For compliance-sensitive workloads requiring ZDR (Zero Data Retention), the API supports **encrypted reasoning items** via `reasoning.encrypted_content`. When enabled with `store=False`, reasoning tokens are never persisted by OpenAI and travel only in memory during the round-trip:

```python
resp = client.responses.create(
    model="o3",
    input=[{"role": "user", "content": "Weather in Paris?"}],
    tools=tools,
    store=False,                         # Enforced for ZDR compliance

    include=["reasoning.encrypted_content"]
)

print(resp.output[0].encrypted_content)  # Encrypted chain-of-thought

# Re-use the encrypted content in the next call

resp2 = client.responses.create(
    model="o3",
    input=resp.output,                 # Forward full output with encrypted reasoning

    tools=tools,
    store=False,
    include=["reasoning.encrypted_content"]
)

```

As detailed in the cookbook's safeguard guides and demonstrated in lines 126-136 of `reasoning_items.ipynb`, encrypted reasoning items enable sensitive use-cases while maintaining the performance benefits of cached reasoning across conversation turns.

## Summary

- The Responses API returns reasoning items separately from message content in the `output` array, accessible via IDs or encrypted payloads
- **Stateful persistence** via `previous_response_id` automatically maintains reasoning context, while manual input threading is required for function-calling workflows
- **Function calling** requires appending outputs to the original `output` array (including the reasoning item) to preserve the model's chain-of-thought
- **Encrypted reasoning items** with `store=False` enable ZDR compliance while still allowing reasoning reuse across turns
- Implementation examples are available in `examples/responses_api/reasoning_items.ipynb` within the openai/openai-cookbook repository

## Frequently Asked Questions

### What is the difference between reasoning items and message items?

**Reasoning items** contain the model's internal chain-of-thought tokens, exposed only via an ID or encrypted content for privacy and efficiency. **Message items** contain the user-facing `output_text` that answers the query.

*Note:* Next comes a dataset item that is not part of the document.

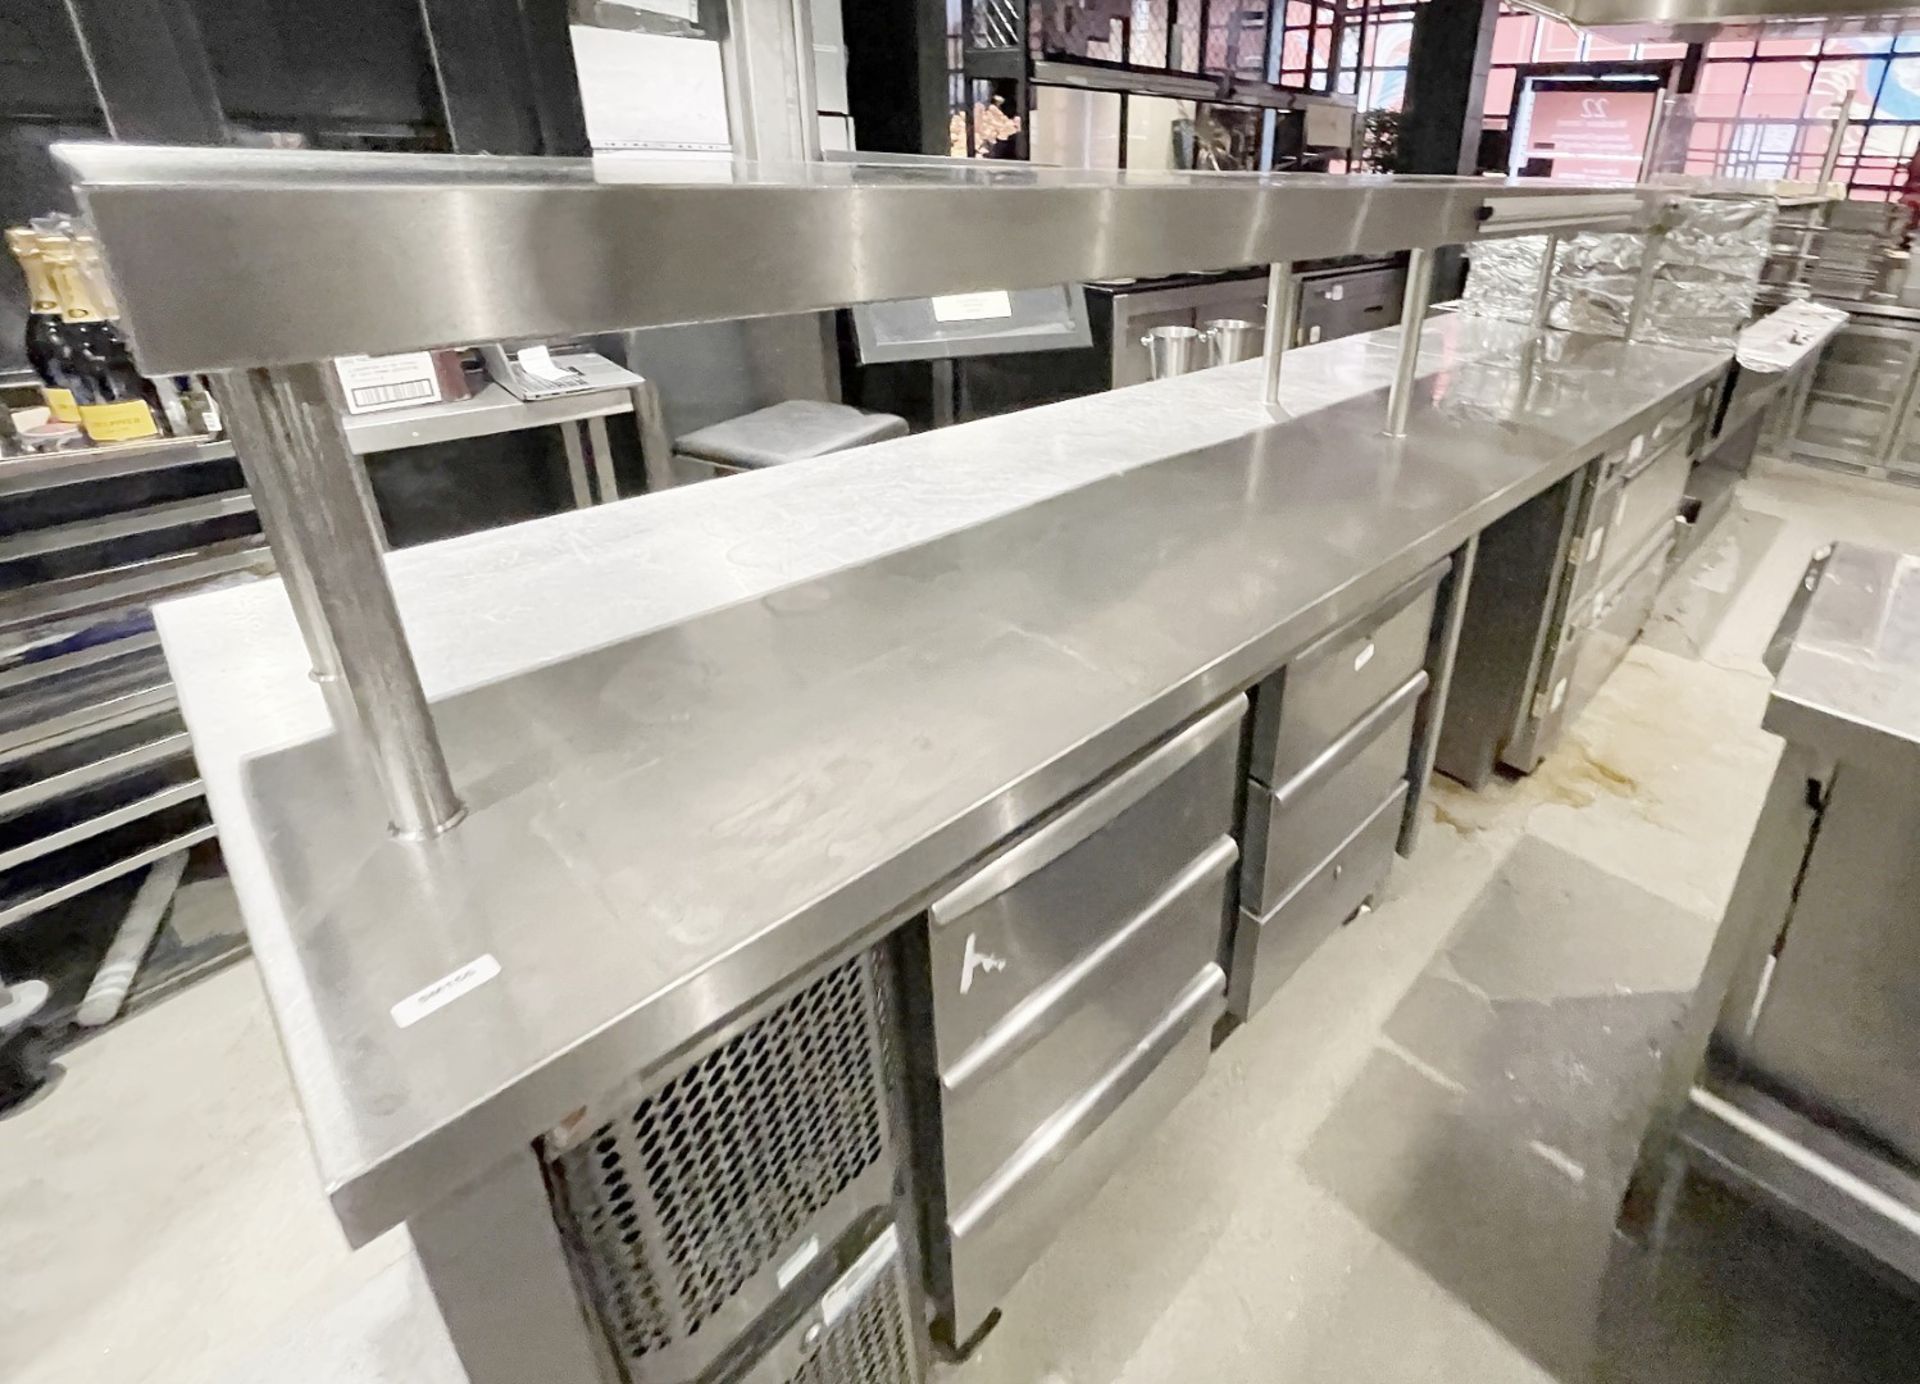 1 x Bespoke 15ft Commercial Kitchen Preparation Island with a Stainless Steel Construction - Image 3 of 15
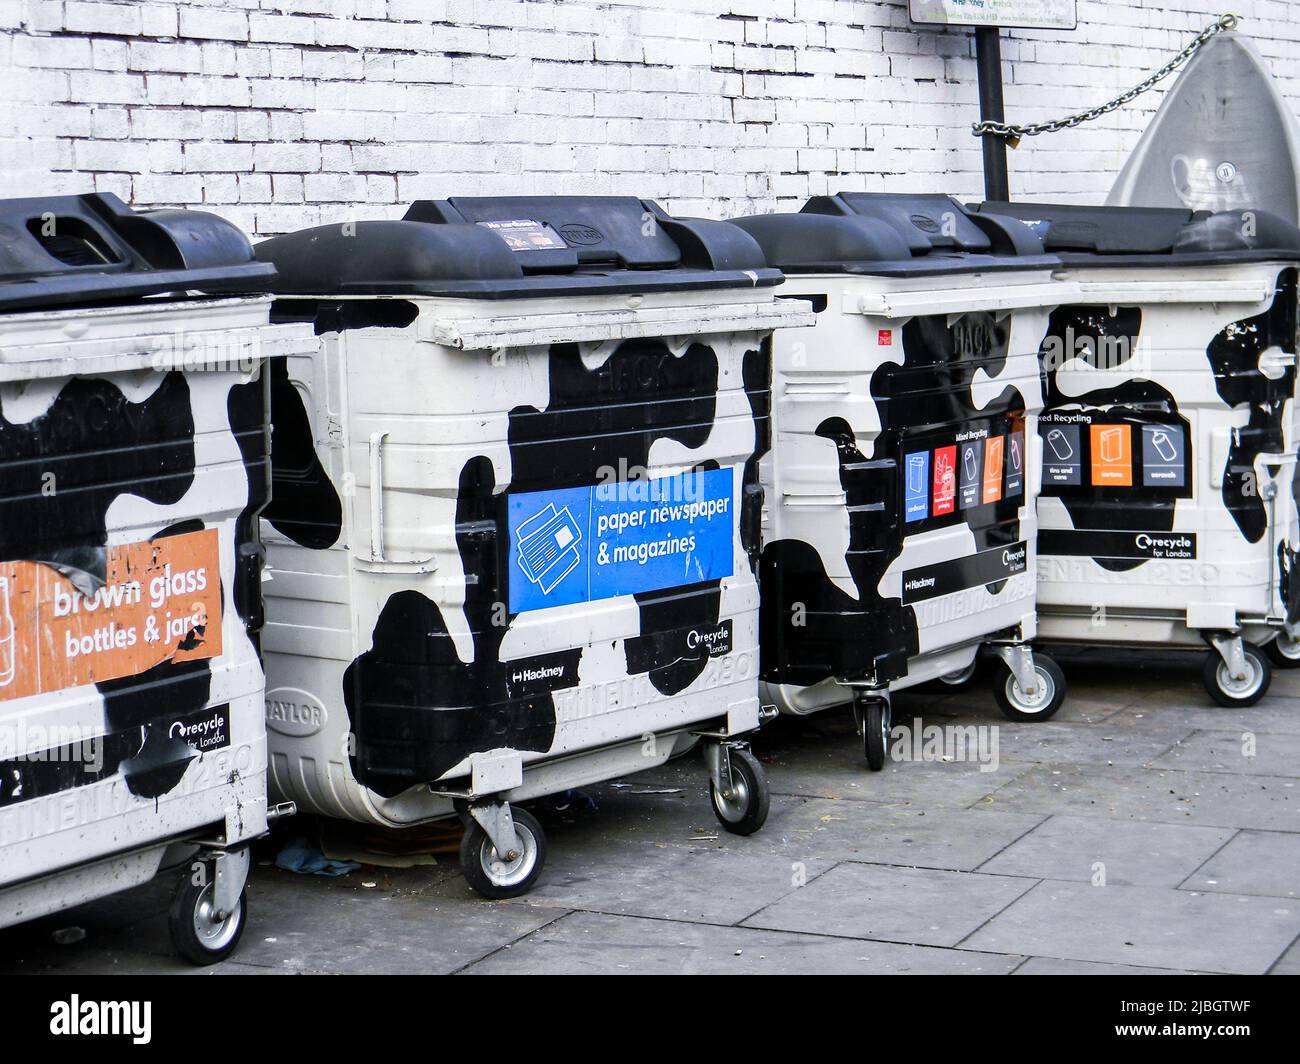 Dustbins with wheels & milk cow patterned design by Taylor on street. Bins colourfully labeled by London Recycles and separated by type of garbages Stock Photo

The Responses API returns these as separate elements in the `output` array to enable granular control over context management.

### How do I maintain context across multiple turns?

You can maintain context by either setting `previous_response_id` to the prior response's ID (automatic persistence) or explicitly including the full `output` array (including reasoning items) in the next request's `input` parameter. The latter is required when you need to insert function results or modify the conversation flow between turns.

### When should I use encrypted reasoning items?

Use encrypted reasoning items when processing **compliance-sensitive data** that requires Zero Data Retention (ZDR). Set `store=False` and request `reasoning.encrypted_content` in the `include` parameter. This ensures OpenAI never stores the reasoning tokens, which remain encrypted throughout the round-trip and reside only in your application's memory.

### Does using reasoning items reduce API costs?

**Yes.** By persisting reasoning items across turns using their IDs or encrypted content, you avoid paying for the regeneration of the same chain-of-thought tokens. The API caches these reasoning computations, reducing both token costs and latency in multi-turn conversations.